Ей было неинтересно. А у Ирины пылали щеки — это Татьяна увидела сразу. Ирка не любила поражений. Впрочем, это было не просто поражение — разгром! Лейтенант как бы дал понять, что все они одинаково хороши, и лишь Валька не поняла этого.
И вдруг Татьяну словно бы подхватило что-то, она не могла удержаться — кончилась и стала неинтересной.
— Бросьте, девчонки, — сказала она. — Ничего вы не понимаете. Идемте, лейтенант, я вас накормлю до ваших десяти ноль-ноль. Как вас именовать, кстати?

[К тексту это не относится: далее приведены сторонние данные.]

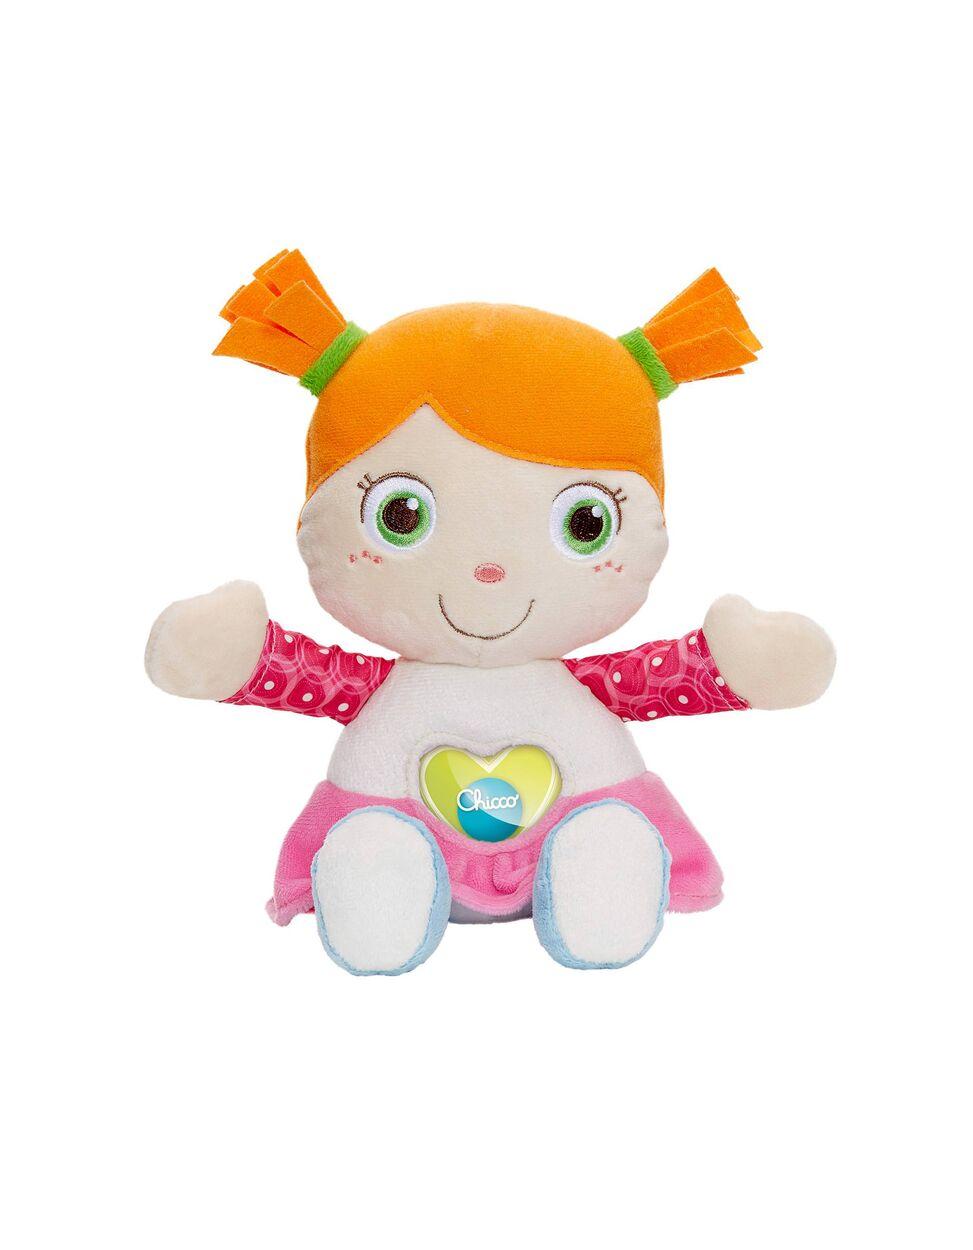 Chicco brinquedo First Love Boneca Passeio

Он поднес руку к козырьку.
— Владимир Дернов.
— А я — Татьяна. Можете взять меня под руку.
Потом, годы спустя, она сама не могла объяснить, как у нее это получилось. То ли разозлилась на девчонок, то ли вдруг стало остро жаль этого парня, который сидел на Неве потому, что ему некуда было деться — как бы там ни было, девчонки остались на Неве, а лейтенант шел с ней и держал ее под руку. В другой был чемодан.
— Послушайте, Таня, — сказал он. — Может быть, это не очень удобно?..
— Очень удобно, — ответила она. — Обед у меня есть, так что никаких хлопот.
— Я не о том, — сказал он. — Может быть, соседи, домашние...
— Соседи уехали на дачу, а отец спит.
— А мать?
— Матери у меня нет.
— Извините, — смутился он. — Впрочем, мне, наверно, хуже. У меня и отца нет.
Этим он как бы оправдался за собственную оплошность.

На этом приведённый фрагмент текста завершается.